- 12 baking potatoes
- 1 cup cabbage
- 9 oz. chopped frozen spinach (I used Green Giant.)
- 1 medium sweet onion
- 16 oz. shredded white sharp cheddar cheese
- at least 1 teaspoon, do it to taste. I would personally go heavier on the pepper. salt and pepper
- 1 stick butter
I combined a recipe for colcaccon and twice baked potatoes! Voila! I invented something new and delicious- Irish Twice Baked Potatoes. I made these for a crowd as an appetizer, but they could also be a hearty side dish.
- Take spinach out of the freezer and place bag into a bowl of cold water.
- Wash potatoes.
- Place still wet onto a plate and put into the microwave.
- Cook on high heat for about 10 minutes.
- Meanwhile, dice up onion and cabbage.
- Shred cheese
- Place onion, cabbage and cheese into a large bowl.
- Remove potatoes from the microwave and make sure they are fork tender. If not continue cooking at 1 minute increments until they are done.
- Carefully cut the potatoes in half vertically and allow them to cool for a few minutes.
- Melt 2 tablespoons of your butter in the microwave. Use a pastry brush to brush the insides of 2 muffin tins.
- Remove spinach from the water. Cut a small hole into the corner of the bag and carefully squeeze out as much water as you can. Then add spinach to the rest of the vegetables and cheese.
- Carefully cut a very small piece of the potato off of each rounded end so that it stands up straight. Use a spoon to scoop out the soft inside leaving a 1/4 inch edge of potato flesh. Place all potato parts into the large bowl with the rest of the ingredients. Repeat the process until all the potatoes are done.

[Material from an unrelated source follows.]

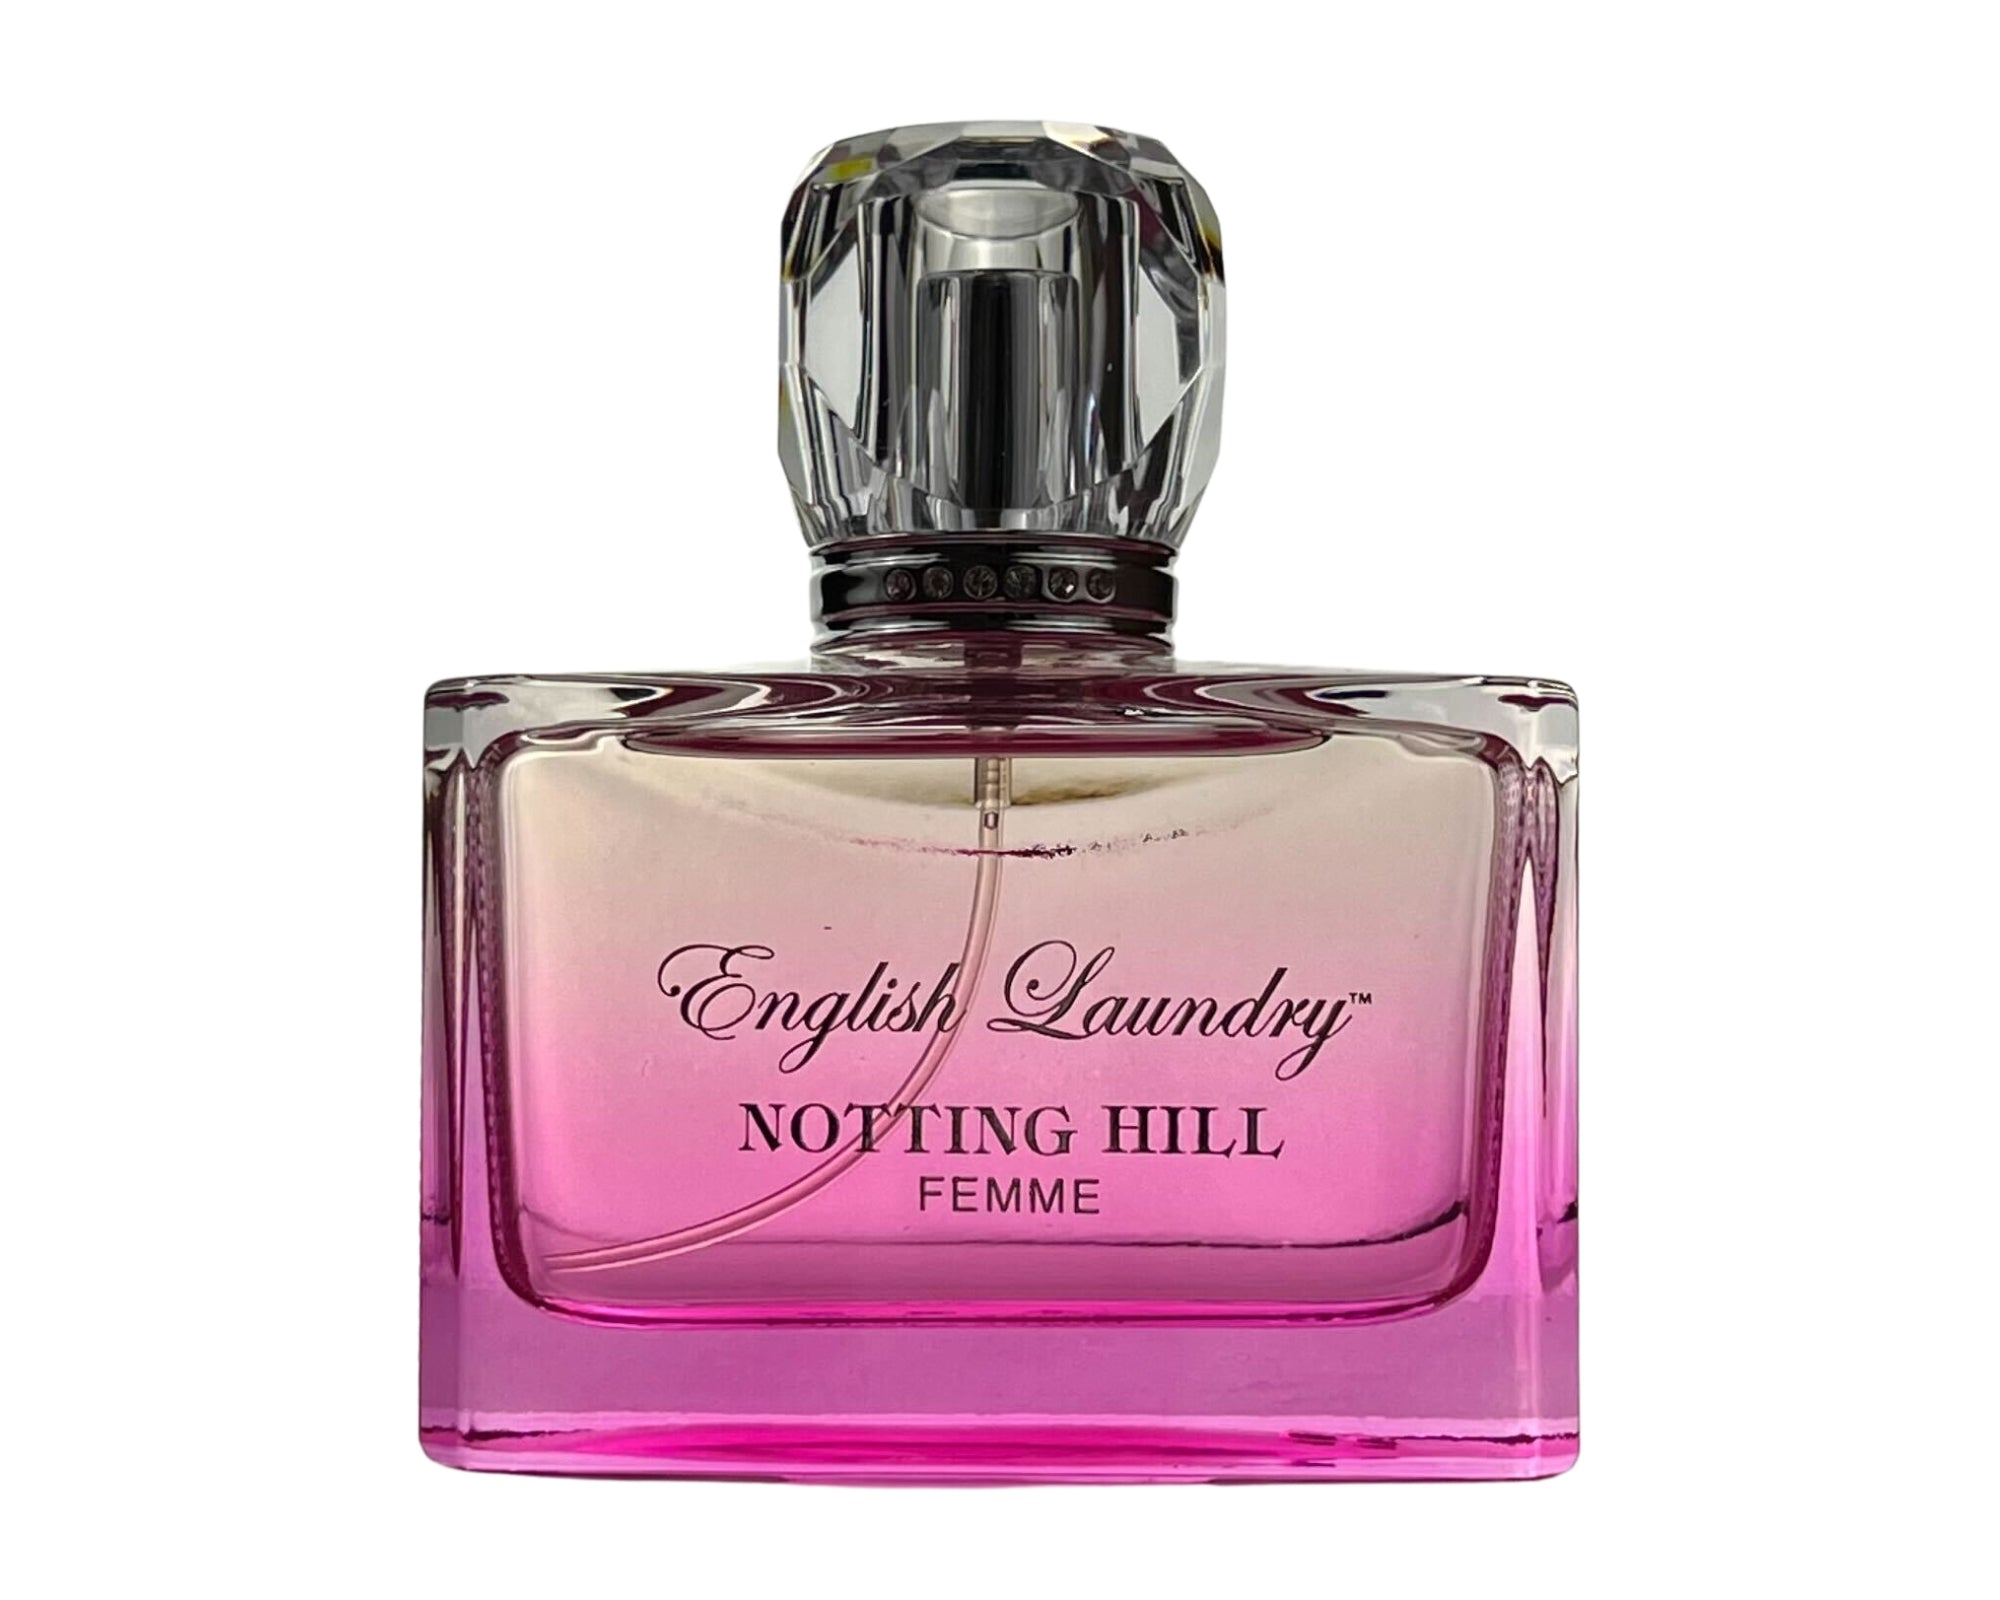 Notting Hill Femme Eau De Parfum for Women
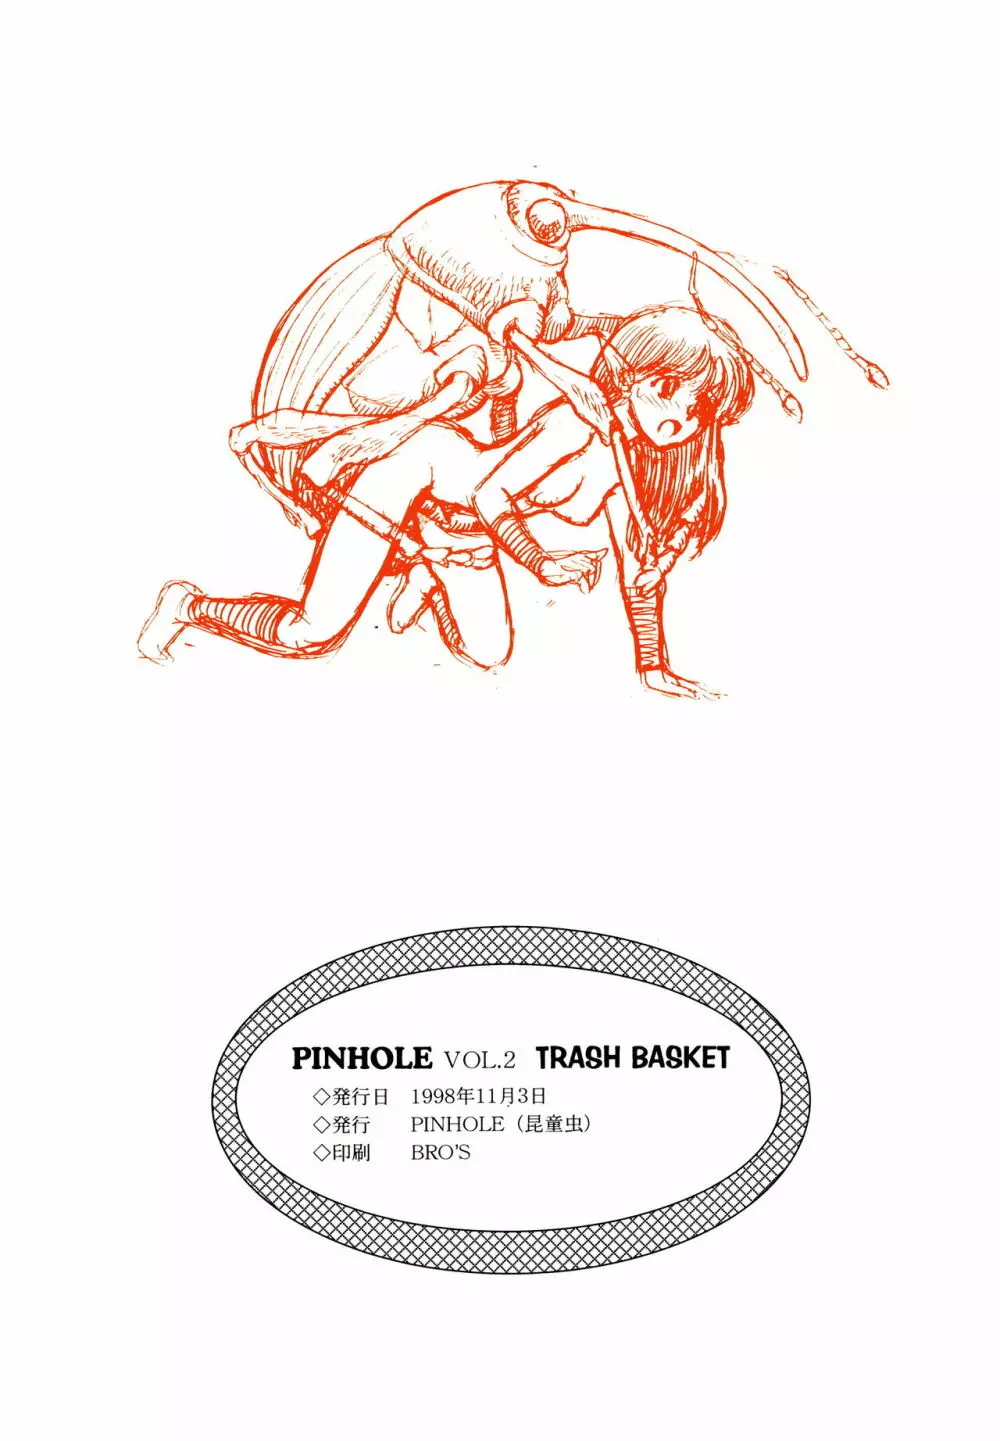 Pinhole Vol.2 TRASH BASKET ボンデージ・フェアリーズ ラフスケッチ集 26ページ

- Set the hollowed out potato halves inside the buttered muffin tin.
- Mash the potato into the vegetables and cheese until it is well combined. It’s alright if it is a little lumpy.
- TASTE! Add salt and pepper until you like it! I personally like extra pepper.
- Fill the potatoes until they are heaped up with the cheesy mixture. You might have to press the filling down a bit.
- Top each filled potato with a 1/2 teas of butter.
- At this point you can cover and refrigerate the potatoes for baking later or you can place them into the oven set to 400 for about 30 minutes.
- Bake until the top is golden and the cheese is oozing.